Somewhere on the blogosphere (forgive me for not giving full credit I could not find the original post) I came across this website for the North Alabama Conference of the UMC. This "dashboard" as they call it gives weekly updates for attendance, baptisms, professions of faith, total membership, and apportionments paid. Participating churches, I do not know if participation is mandatory, plug in number weekly and the corresponding measurement device responds accordingly. Also, if a church does particularly well or poorly they are placed on a kind of honor roll or delinquency list. I watched the instructional video on the website and the narrator claimed that this is a tool to measure the life of a church, district, and the conference as a whole.
My first question is this, can we judge the life of a church, district, or conference only by statistics, which is the only thing displayed on this website? My answer is an emphatic no. Larger churches in larger cities are by their very nature going to bring in more members, attendance, baptisms, etc, of course the inverse is also true. Numbers do not tell the whole story. Numbers do not tell of the love that is in a community. Numbers do not tell of the number of hours spent helping those in need. Numbers do not tell of the importance of a local church to a community.
That is not to say that numbers are not helpful and that a website like this does not provide some motivation for growth. However, the Church should not be just about numbers, but is seems more and more like numbers are all that count. At charge conferences and year-end reports the statistics are very important, maybe too important. We spend too much time treating the Church like a business where the only thing that counts is the bottom line. This is unhealthy and in a lot of ways unfair. The small churches will always be at a disadvantage. Growth is vital because a church that does not grow is dying, but judging a church strictly by the numbers does not tell the whole story.
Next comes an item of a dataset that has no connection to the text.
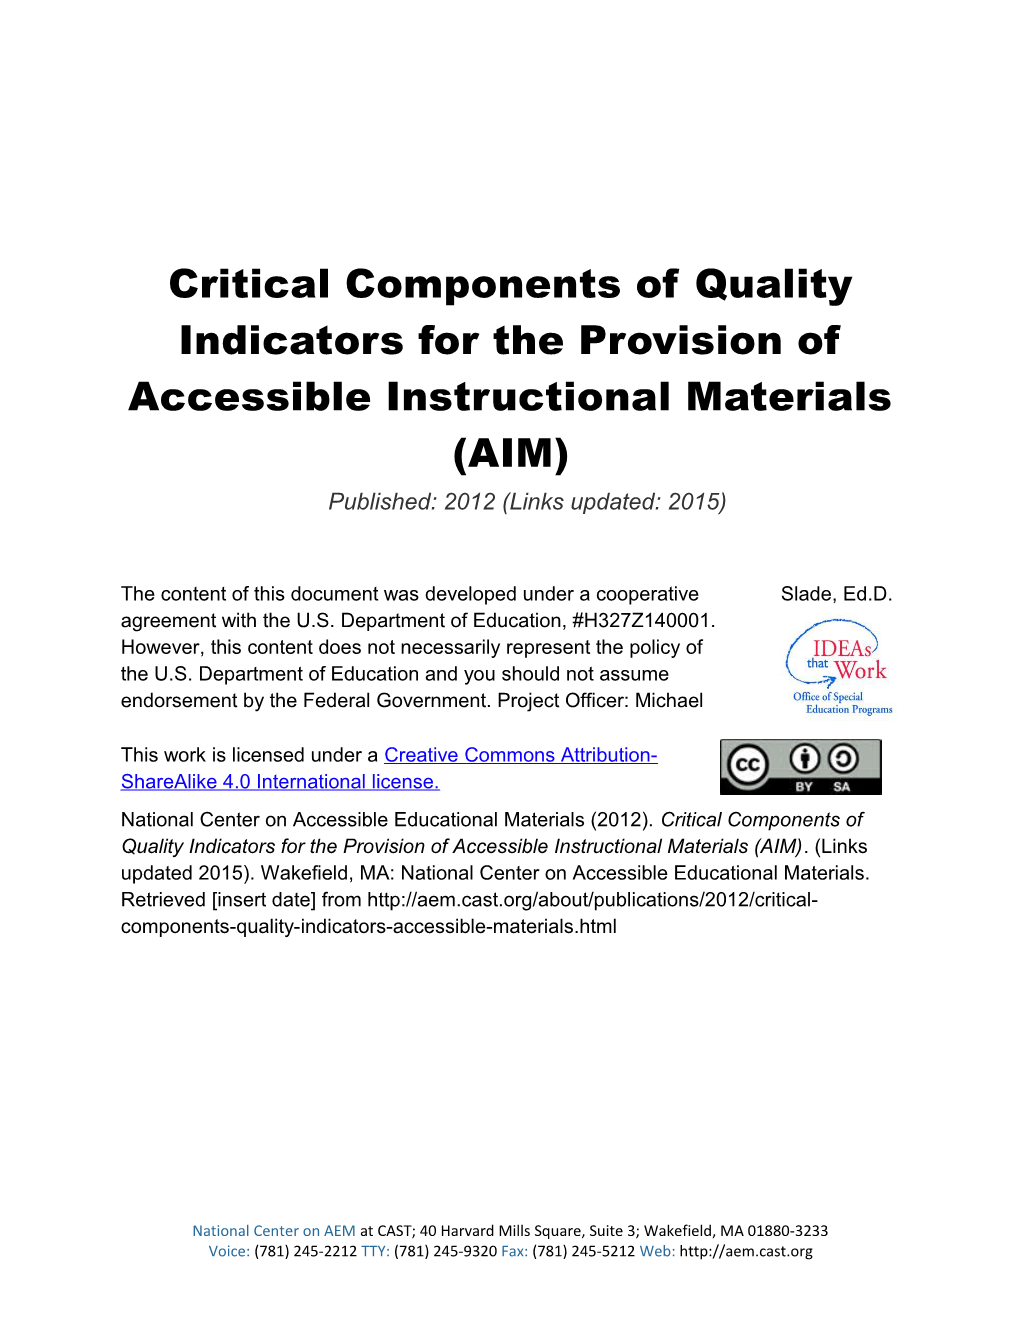 Critical Components of Quality Indicators for the Provision of Accessible Instructional

All that being said, I am looking at this as an casual observer without any direct knowledge of why this system was implemented. I do not want to make absolute claims without all the facts. This is my opinion from my limited view.
3 comments:
I have to wonder what Bishop Willimon's dashboard would say about my congregation. I am a local pastor serving a church in Holston just a mile from the Alabama border. We worship between 35-50 on any given Sunday. In my year here, attendance has been flat. No professions of faith, yet. Have one baptism coming up before the end of the month. Yet, we operate a food pantry that has seen a 40% increase in the number of people served in the past year and we're currently serving over 1300 (distinct) people each month. Before each distribution on the first and third Friday, we hold a worship service for those who wish to attend. Usually there are 20-30 folks who are being served by the food pantry who will attend and receive communion (if they wish). These folks feel free to contact me when they need pastoral care.
Seems to me that Christ is being offered and the congregation is passionate about feeding the hungry. But just what would the dashboard have to say about us? Honestly, I could care less.
I still haven't decided how I, as a North Alabama pastor, feel about the dashboard yet. I found it to be a fabulous resource before I started at my new church because I could get an idea of about what kind of attendance I could expect.
At annual conference this year we got a big speech about "the numbers game" and why it is important to be concerned with the numbers. I have to admit that after a few well-chosen examples I don't dismiss it quite as quickly. At the same time, while I understand the point of the examples and speeches, there are limits to what any one church or any person can do for a congregation and a community.
We'll see how I feel about it come charge conference time!
Sandy, what were the arguments for and against the implementation of this tool?